Manitoba

Manitoba PCs want NDP to disclose extent of funding cuts to non-profit organizations

Manitoba's Opposition Progressive Conservatives want the NDP government to disclose the extent of funding cuts to non-profit organizations affected by a federal decision to ratchet back support for job training and employment assistance.

Following federal cuts in June, province told some their funding would continue, others it would not

A man wearing glasses and a suit and tie is pictured.
interim PC Leader Wayne Ewasko, seen in a file photo, says he wants to know which non-profit organizations affected by federal funding cuts are still receiving provincial funding. (Randall McKenzie/CBC)

Manitoba's Opposition Progressive Conservatives want the NDP government to disclose the extent of funding cuts to non-profit organizations affected by a federal decision to ratchet back support for job training and employment assistance.

Documents obtained by the PCs through a freedom-of-information request show the province informed several non-profit organizations in June their funding will be cut and provincial bridge funding will flow until the end of September.

The organizations include Samaritan House Ministries, which serves unhoused people in Brandon, and Winnipeg's Reaching E-Quality Employment Services.

Other organizations were told their funding would continue.

Interim PC Leader Wayne Ewasko said Tuesday he wants to know which organizations are still receiving provincial funding.

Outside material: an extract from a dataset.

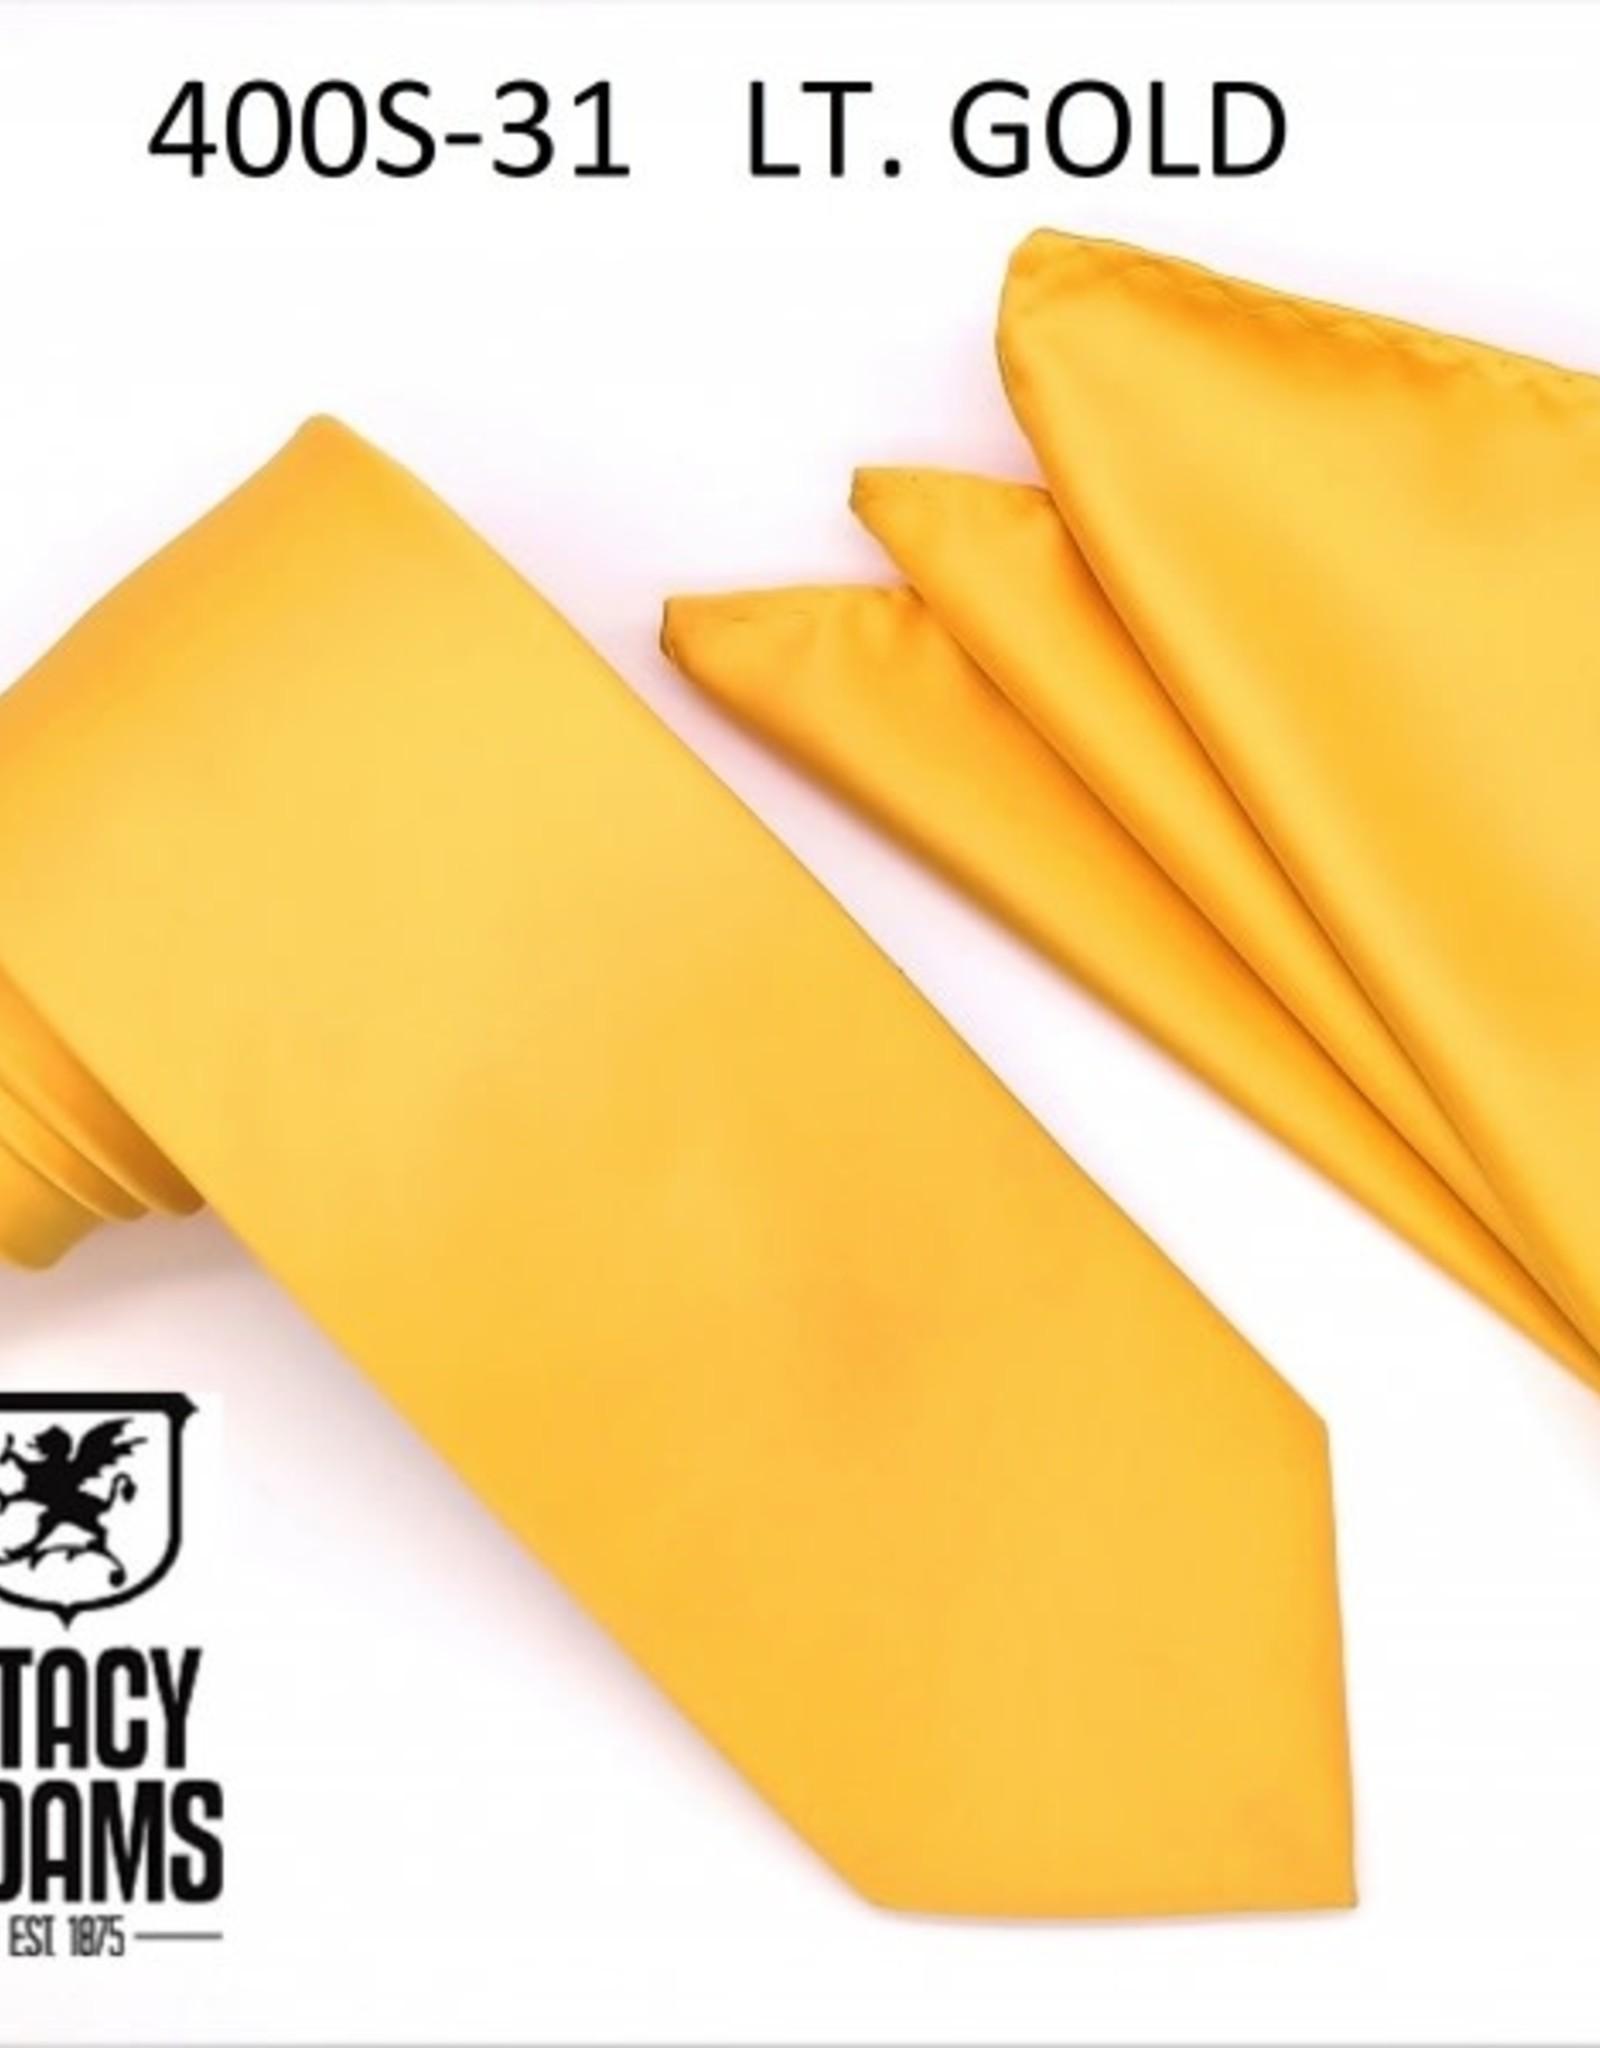 Stacy Adams Tie Stacy Adams Reg 400S-31 Gold

"What we've asked is who's getting the status quo, who's been reduced, or who's been cut in its entirety," Ewasko said following question period at the Manitoba Legislature.

In the letters sent in June, the province told the non-profit organizations $20 million in federal funding has been cut back.

During question period, deputy premier Uzoma Asagwara said the NDP government is speaking to the non-profit organizations to see what funding gaps exist as a result of the federal cuts.

The province decried those cuts in a June press release.